The tape is also gentle to the skin, highly breathable and holds well on damp skin. The paper tape works brilliantly every night! It stops the nose from becoming irritated and now I have no nasal congestion or nose bleeding. I wake up in the morning with a clear nose breathing freely. It’s a great feeling! 

6. Stents 

The Ophthalmologist, eye specialist may suggest putting in a stent. Having had a temporary stent as part of the eye DCR operation, I would not recommend doing so. I found the air coming through the stent made my eye red and sore for 3 to 4 hours each morning after waking up. This was before I worked out how to stop air coming out the eye using a sleep apnea machine. When I had no stents, whilst my eyes hurt on waking up in the morning, the pain was gone within one hour. 

In addition to the cost of a medical specialist, I was advised that the stent may come out if you blow your nose too hard! Also, I could feel the stents next to my eye which became annoying after a few days. 

7. Punctal Plugs 

My Ophthalmologist advised that if you have “normal” eyes and your tears are flowing normally, then do not put in punctal plugs. Should you put the punctal plugs in with normal eyes, your eyes will become like a blocked tear duct and tears will pour down your cheeks all the time. I was advised to only put in the plugs should you have “Dry Eyes”. 

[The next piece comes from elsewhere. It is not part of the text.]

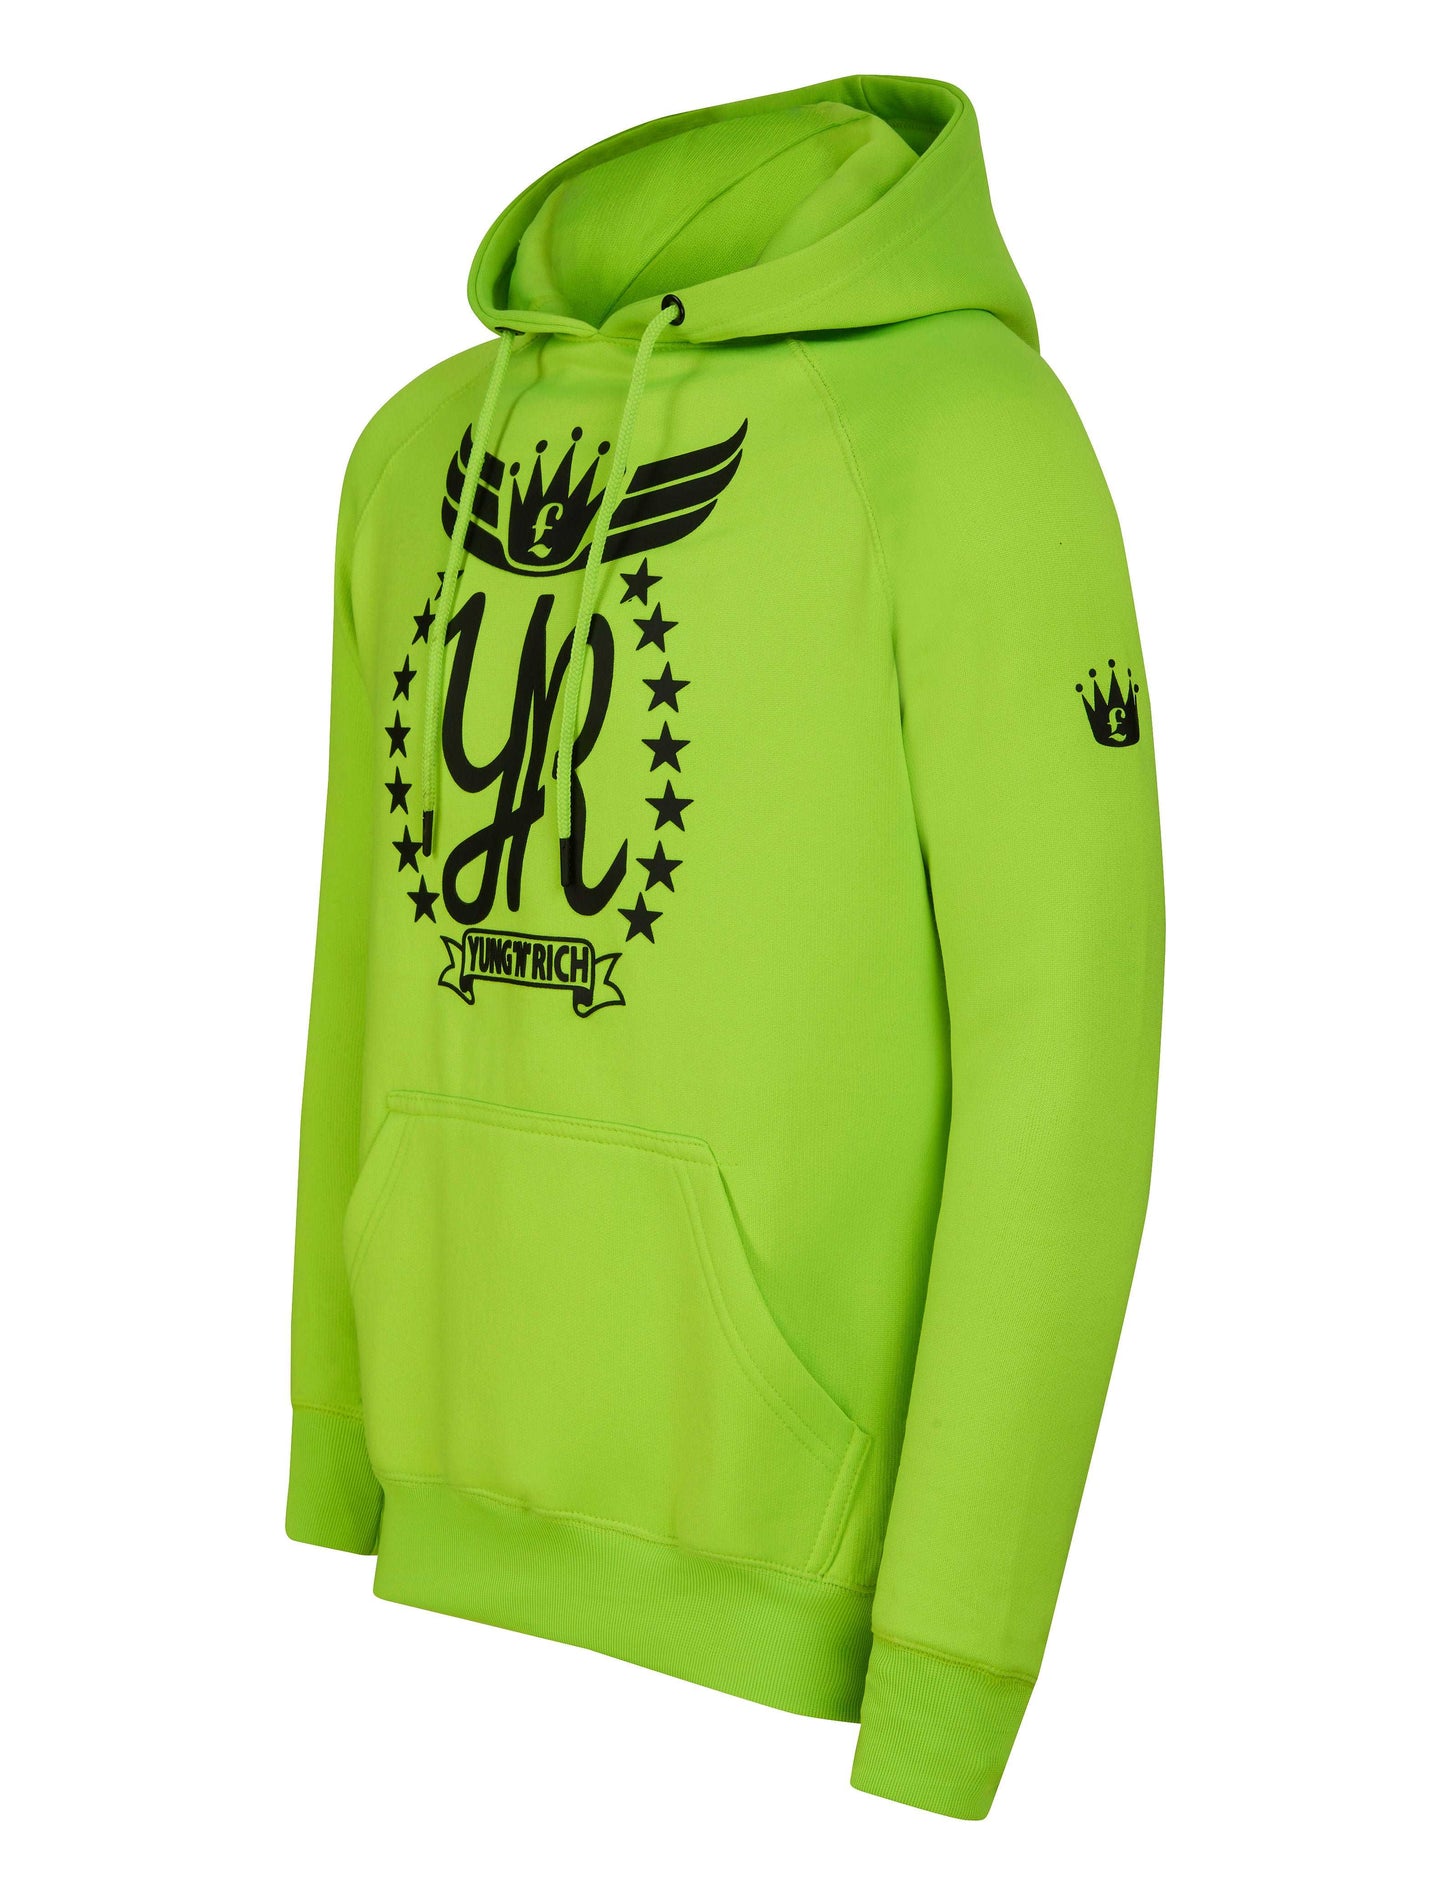 YUNG'N'RICH HOODIE - colour Neon Green with black rubber Yungnrich logo side view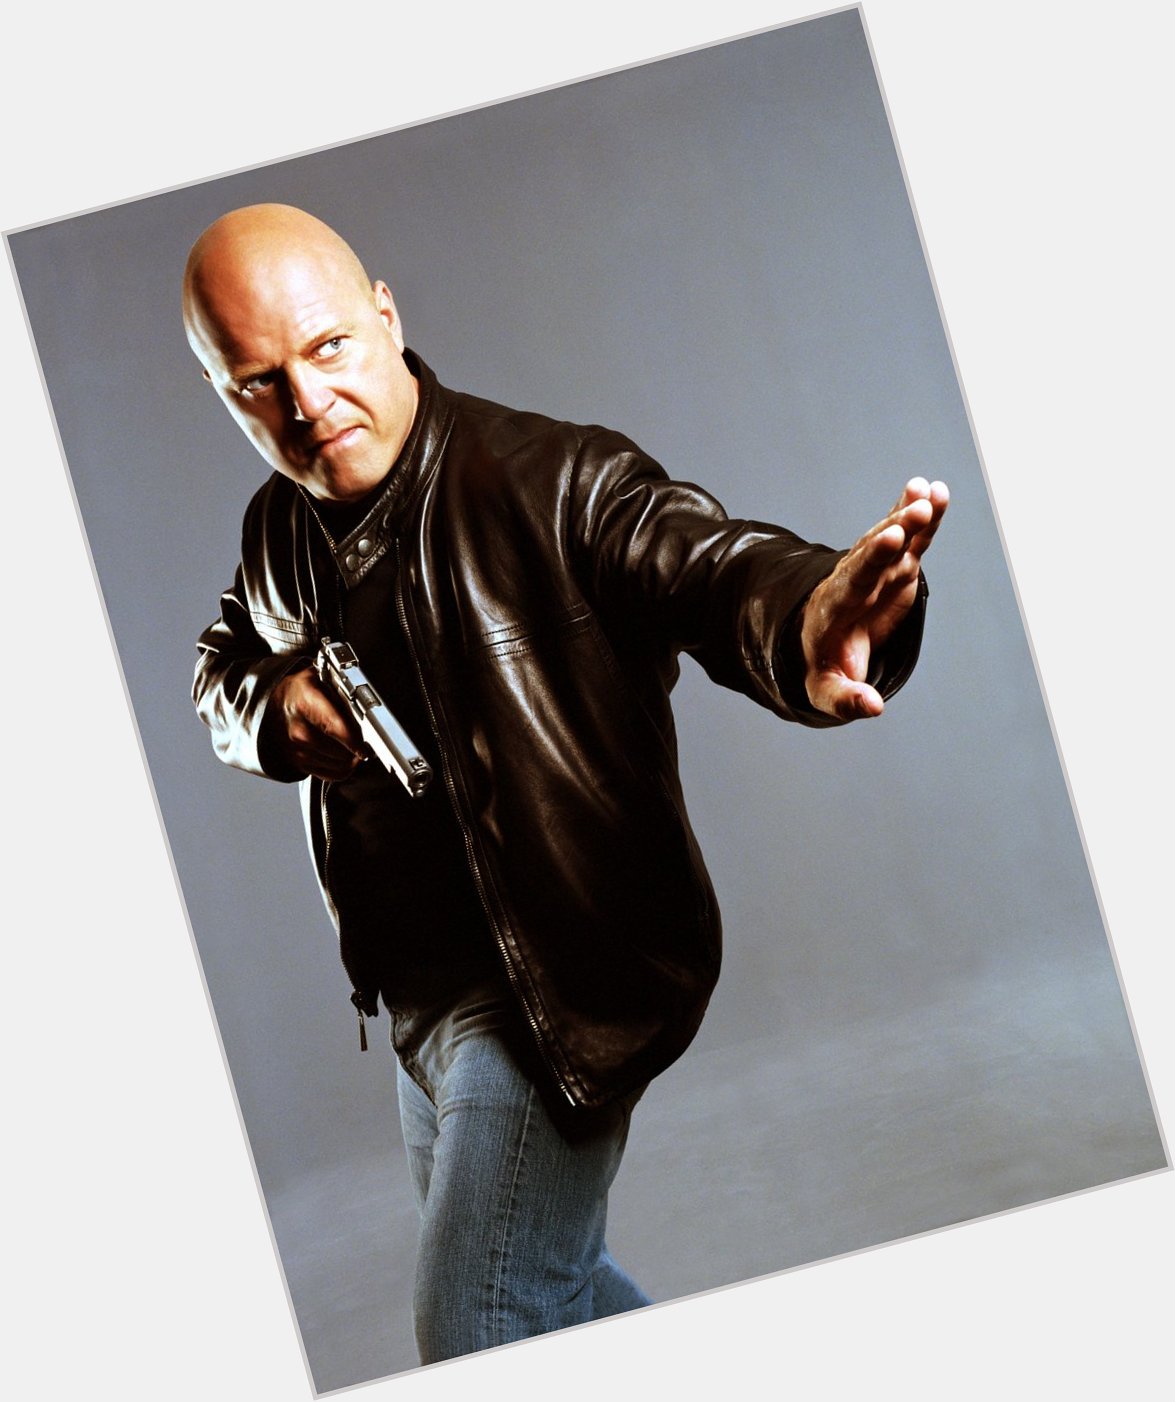 Happy Birthday to Michael Chiklis who turns 54 today!

8. Lift your bed up at one end 

Due to reflux, I have lifted my bed up 14 cms or 5.5 inches. An added bonus was that for every 5 inches you lift the bed up, you can increase the pressure by an estimate of 0.2 cmH2O. At one time I had the bed up 22.5 inches at one end.  By doing so, I was able to increase the maximum pressure by 1.0 cmH2O or 10% on average pressure of 10 cmH2O. This is due to gravity and that the air from the sleep apnea machine will have to travel up the eye tear duct.

The obvious question that arises is how do you stay up on the bed without slipping and ending on the floor? By using anti slip mats on the bed and tied around my body! I found at 38 cms or 15 inches I had no trouble staying up on the bed. Most people will not need to go to this extreme measure as optimizing the settings on the CPAP and Bilevel machines will be all that is required.    

9. Total Face Mask 

As explained on the blog post CPAP Air coming out of the Eyes, a total face mask is not the answer for many people as the sleep medical specialists and equipment suppliers may advise to stop air coming through the eye tear ducts and out of the eyes. It is a very hard mask to tolerate for many people and is considered a mask of “last resort” when all other masks such as nasal pillows and nasal have failed. 

In addition, as detailed on The Secrets to Success using CPAP and Bilevel, a senior executive of a major equipment supplier advised that “depending on Country, only 2% to 4% of total patients get issued with a bilevel machine. The medical specialists will not issue more bilevel machines as they fear that the machine will not work and that they will get sued!” For this reason, should your sleep medical specialist not issue a Bilevel or BiPAP machine and you are having issues obtaining one, a total face mask together with using the Other Options may be your only answer to stop air coming out the eyes. 

10. Sleep upright in a Recliner or on a Wedge Pillow. 

I have slept upright in a Recliner and on a high Wedge Pillow a few times before I worked out how to stop air coming out the eyes using a sleep apnea machine. It was very uncomfortable and I just could not get into a proper sleep position during the night. I was awake off and on all the time. For me having back and neck issues and wanting to sleep on my side, this option would be an option of “last resort” when nothing else worked. By using this option, you will be able to increase the maximum pressure as noted at Option 8, Lift your bed up at one end.   

With the various options outlined above together with adjusting the CPAP and Bilevel or BiPAP settings, from personal experience all patients will be able to continue to use their sleep apnea machine and have a great night’s sleep.  

Should you be having side effects and issues with your sleep apnea therapy; CHANGE what you are doing so that you can wake up feeling refreshed and energized each day. 

"Have courage. Be adventurous and Go for it! Overcome your fear.”